◆ **Material supplied**

※ ※ ※

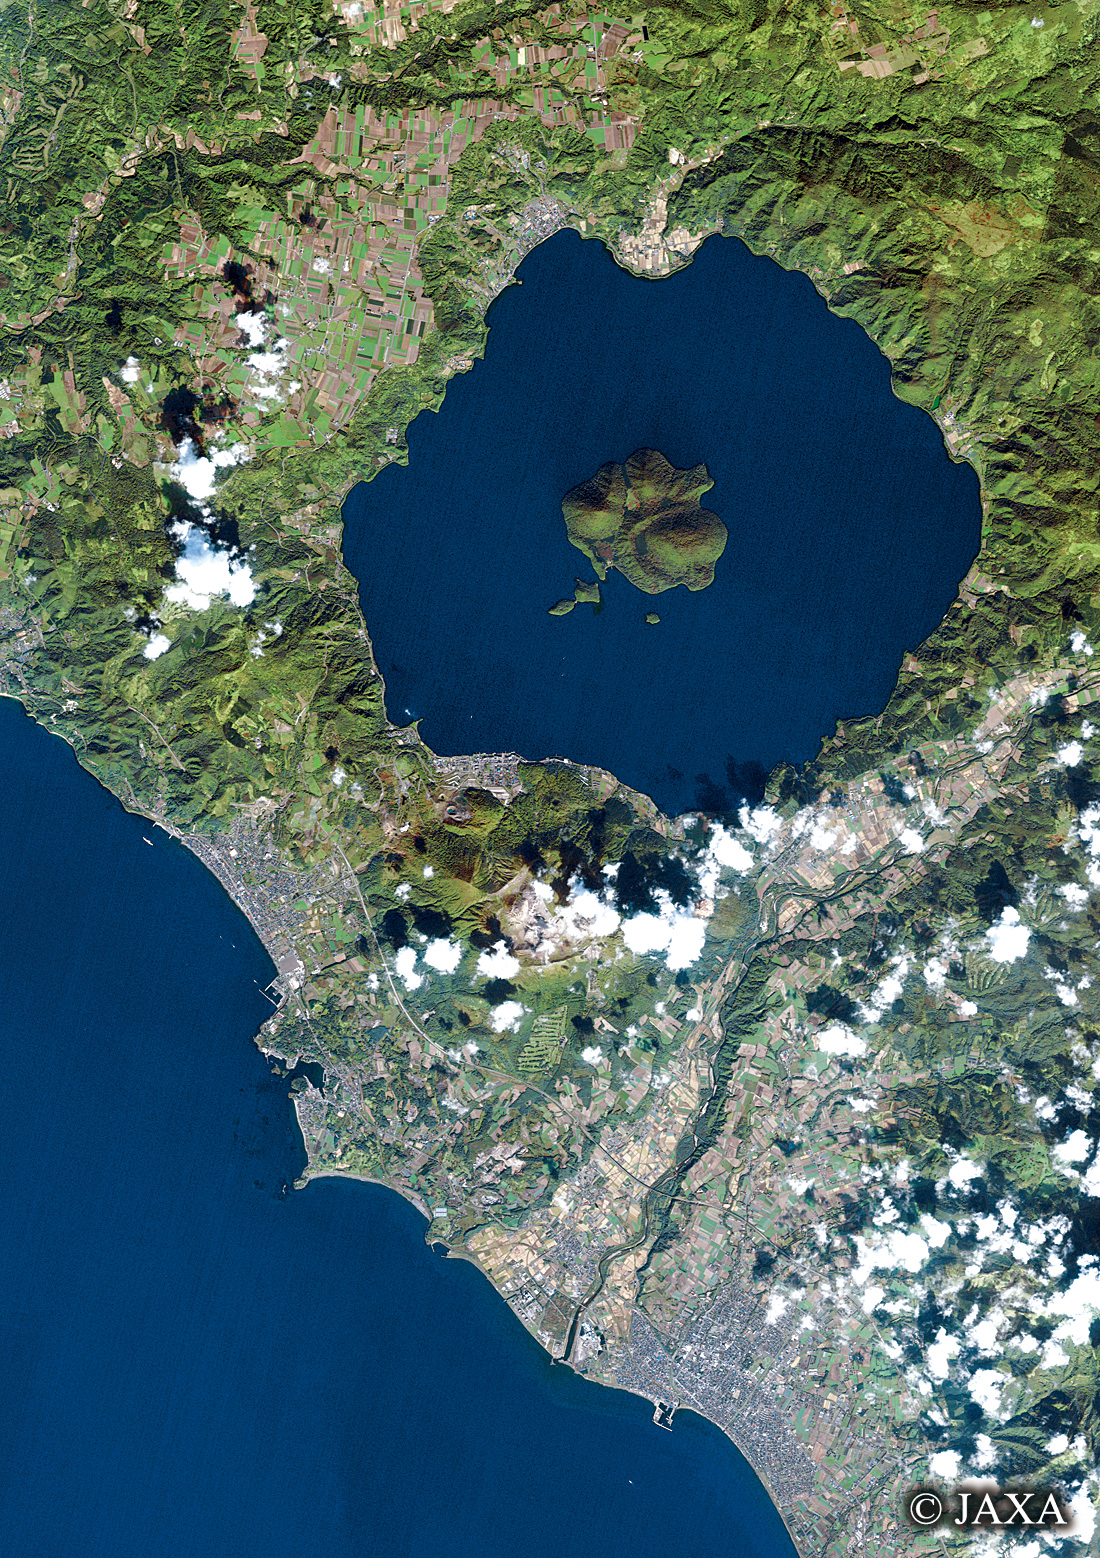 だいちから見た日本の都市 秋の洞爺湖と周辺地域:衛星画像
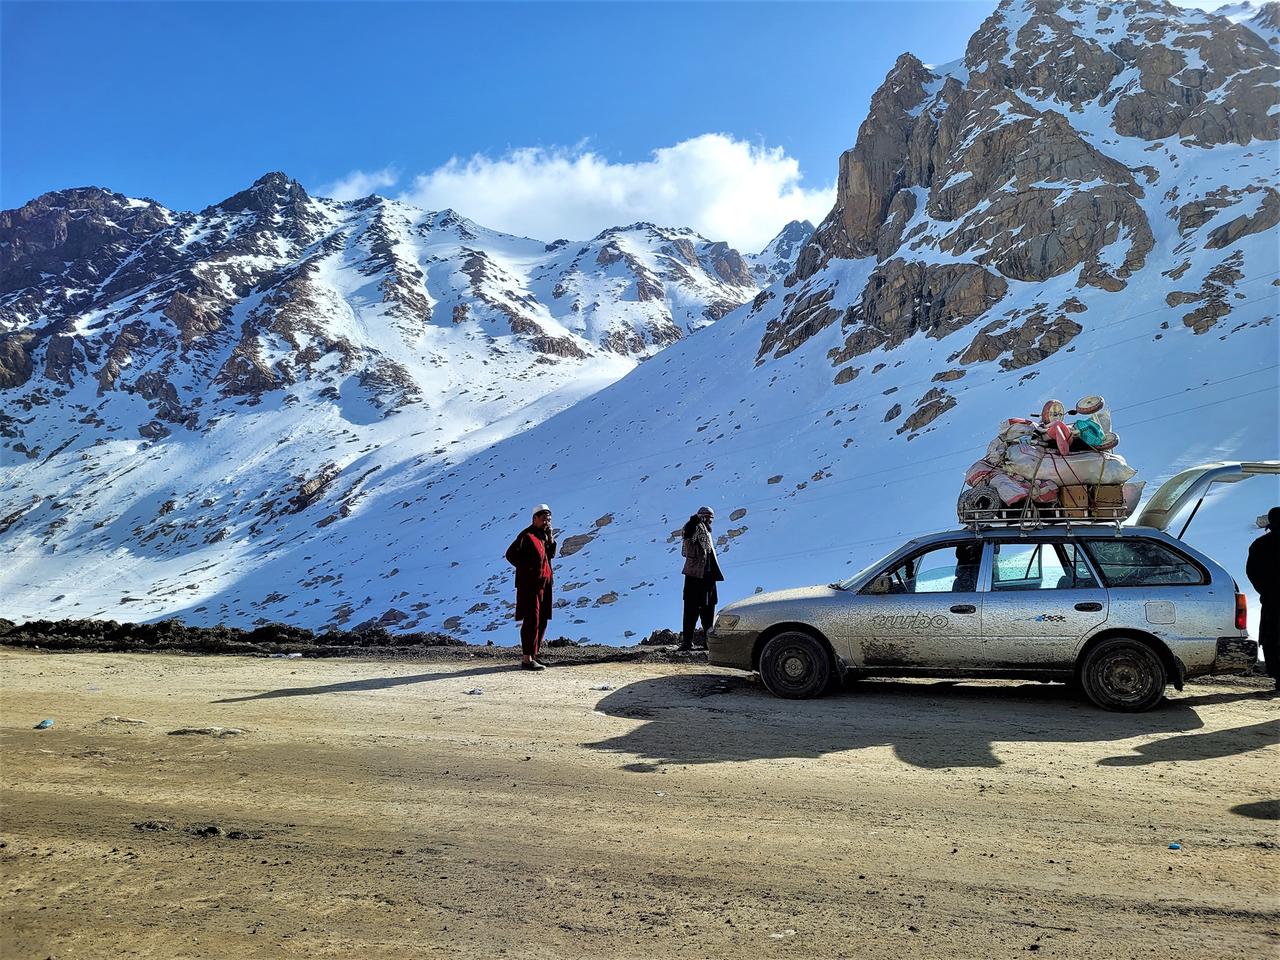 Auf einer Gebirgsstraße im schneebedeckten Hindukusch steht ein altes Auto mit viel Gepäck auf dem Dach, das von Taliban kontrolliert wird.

※ ※ ※

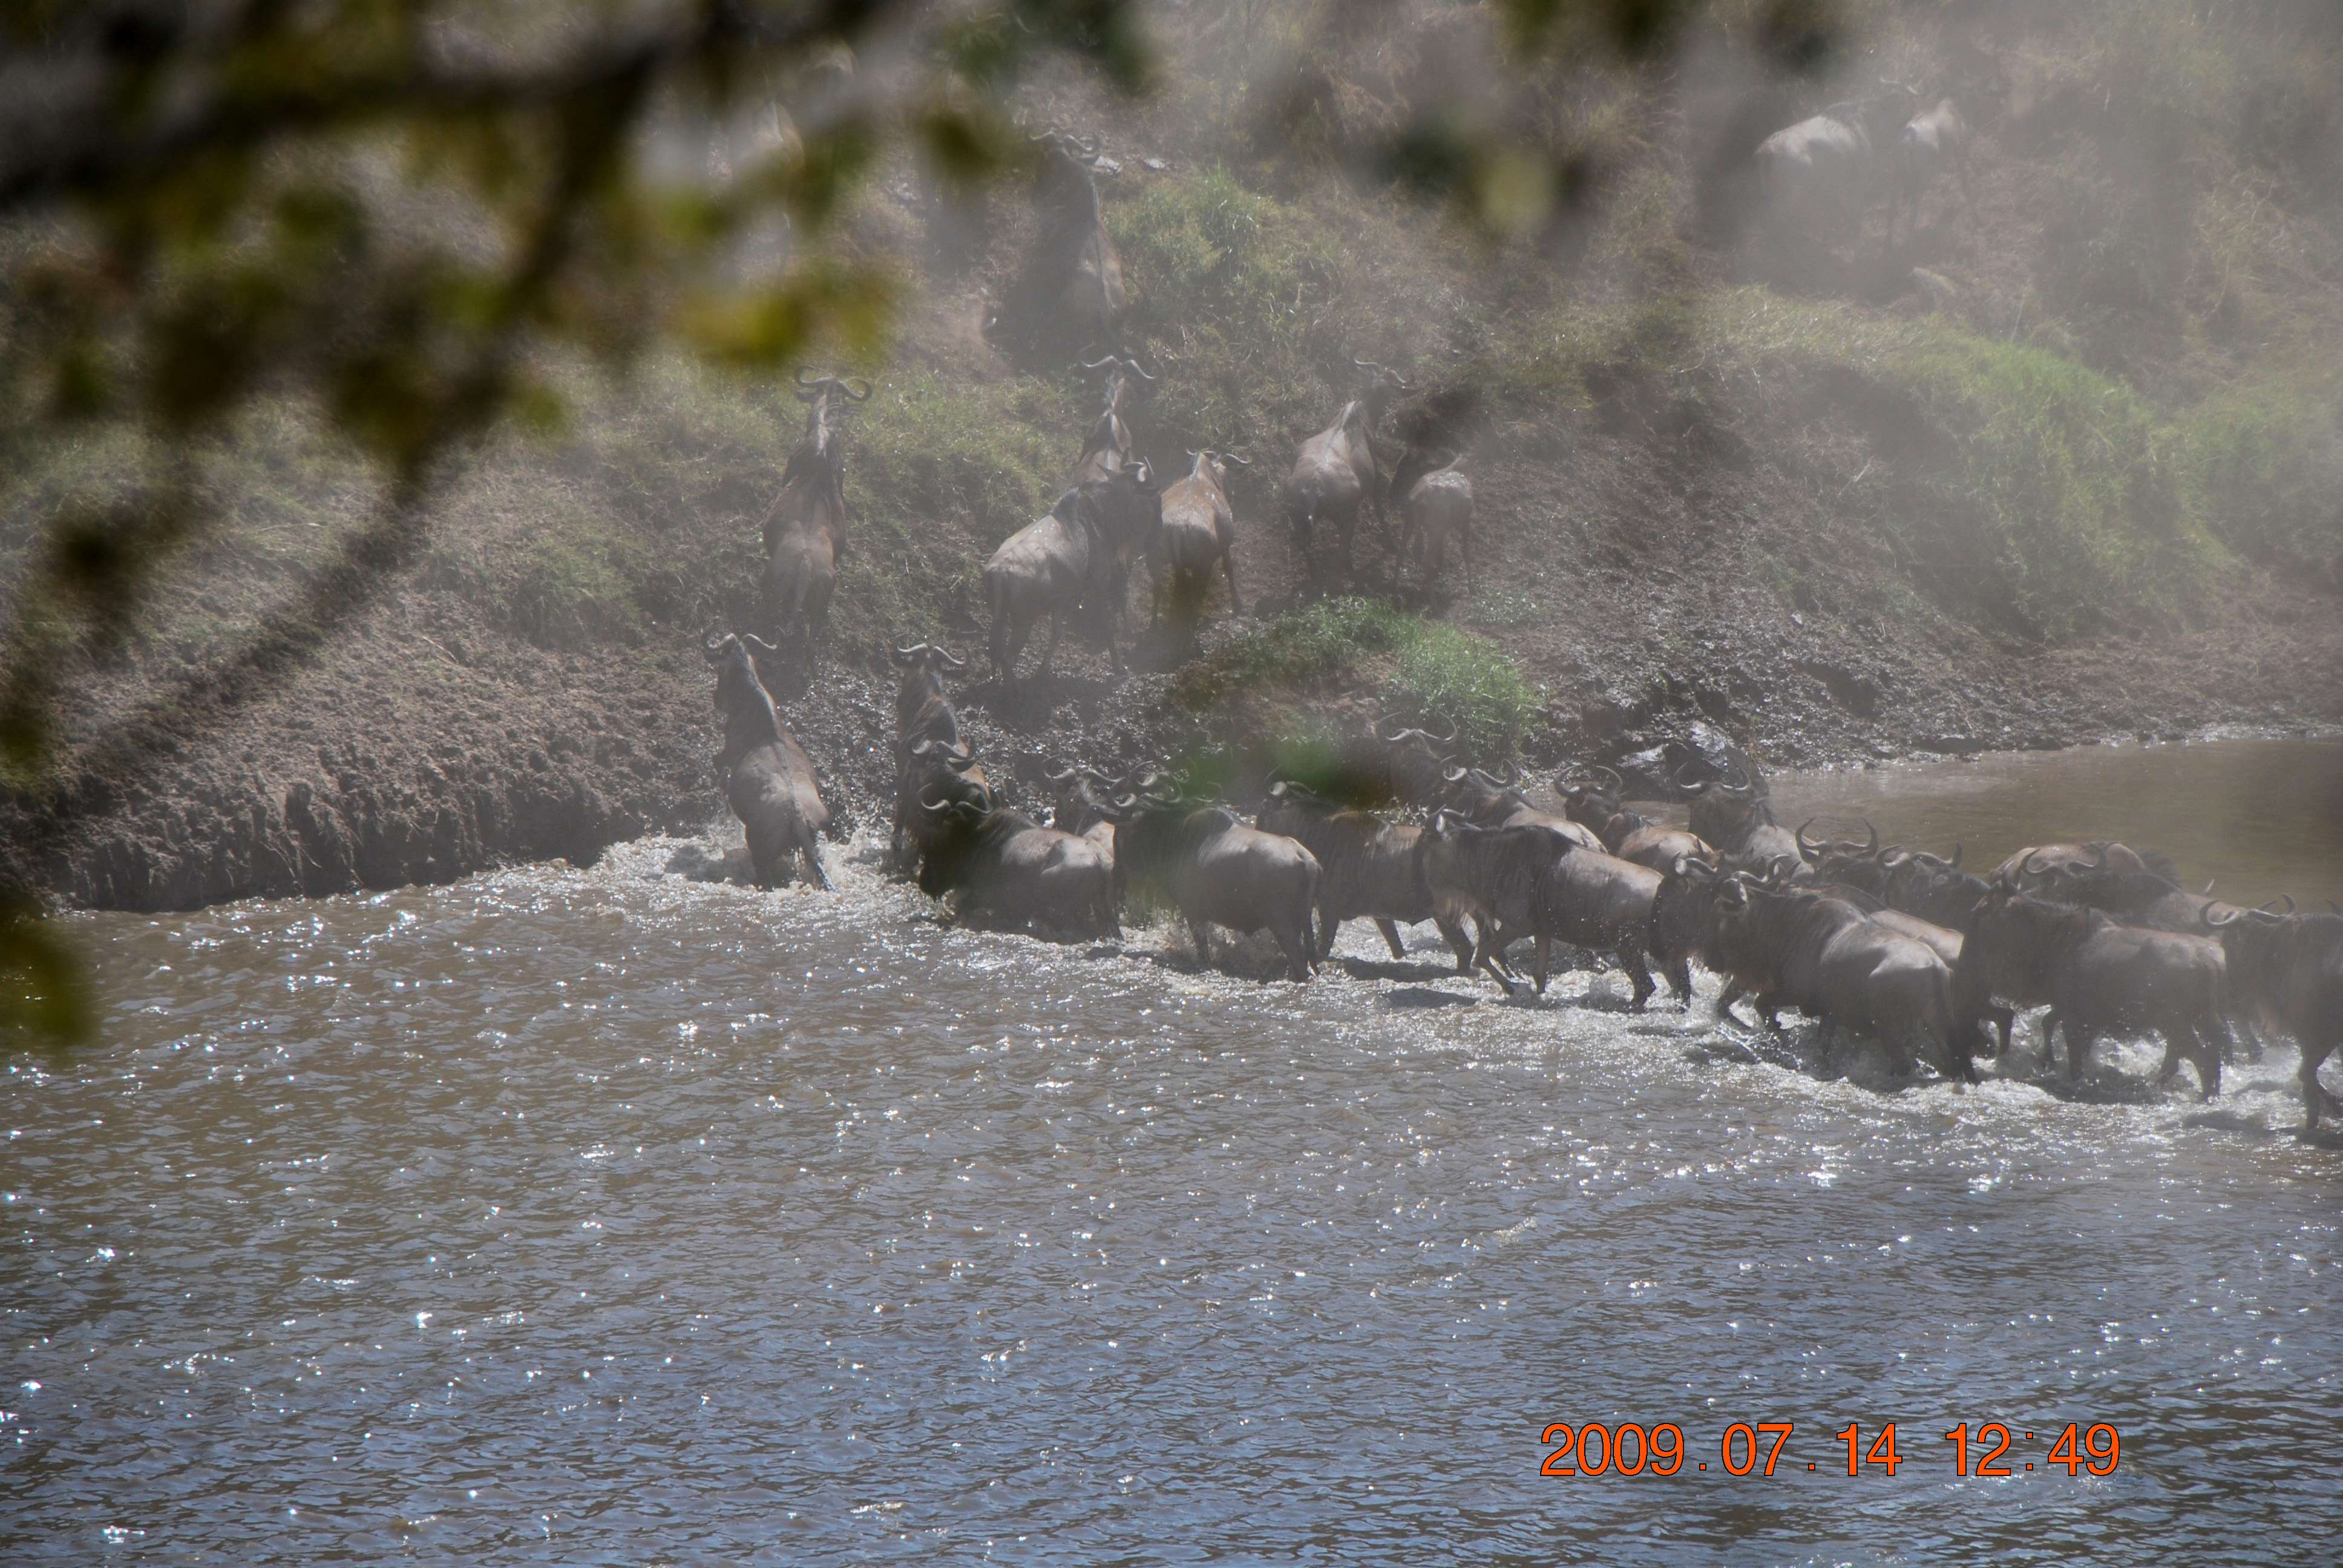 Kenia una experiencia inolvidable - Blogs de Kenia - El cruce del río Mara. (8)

※ ※ ※

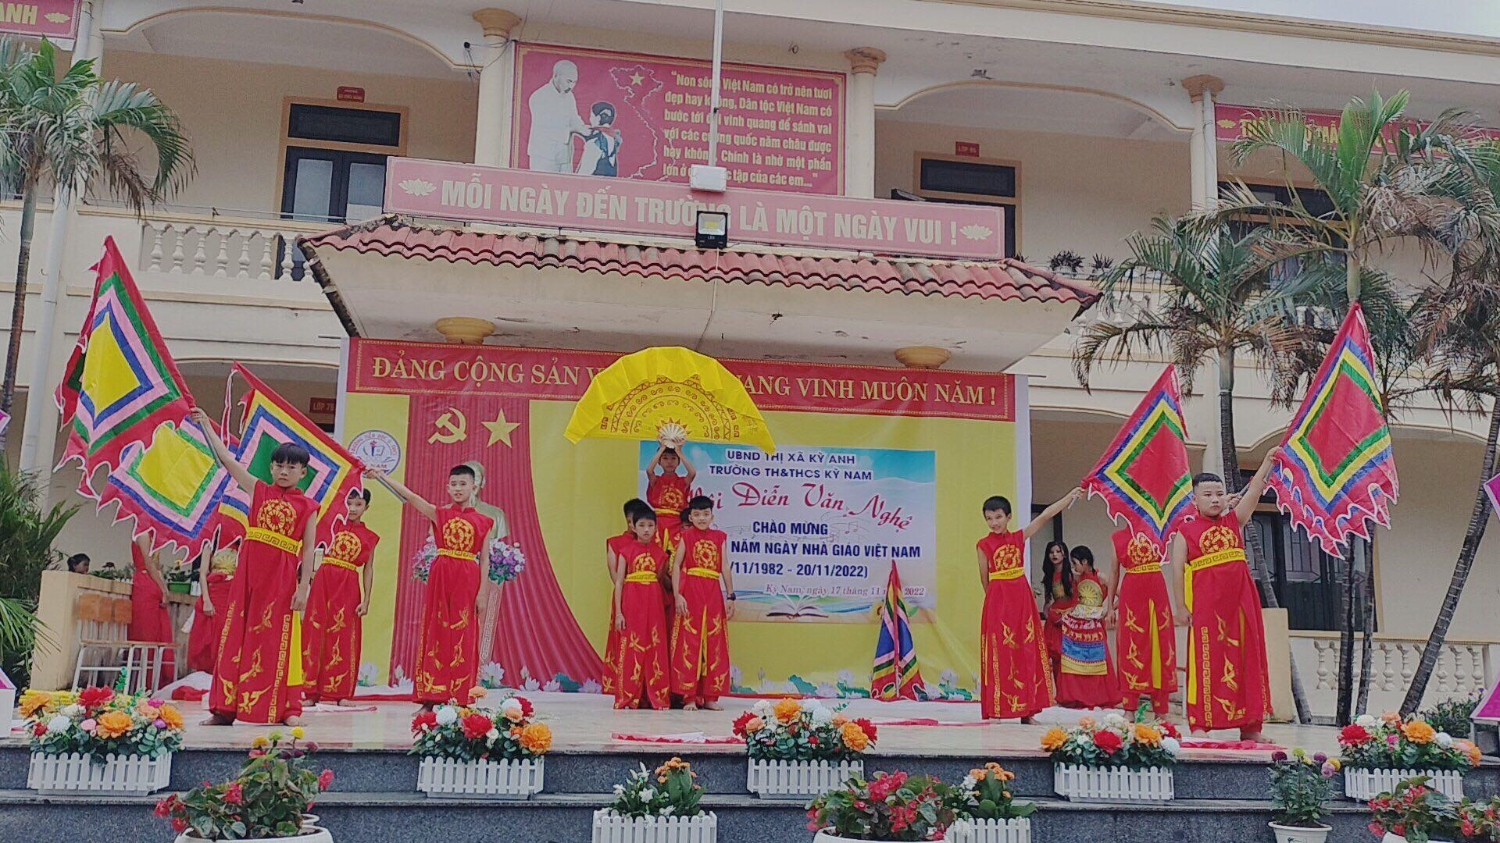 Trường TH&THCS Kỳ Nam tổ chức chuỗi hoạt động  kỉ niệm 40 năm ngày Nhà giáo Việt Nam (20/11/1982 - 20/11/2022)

※ ※ ※

◆ **Exercise**
Reproduce exactly, with no pictures, the lines above from the one holding "だいちから見た日本の都市 秋の洞爺湖と周辺地域:衛星画像" to the one holding "Auf einer Gebirgsstraße", inclusive.

◆ **Solution**
 だいちから見た日本の都市 秋の洞爺湖と周辺地域:衛星画像
 Auf einer Gebirgsstraße im schneebedeckten Hindukusch steht ein altes Auto mit viel Gepäck auf dem Dach, das von Taliban kontrolliert wird.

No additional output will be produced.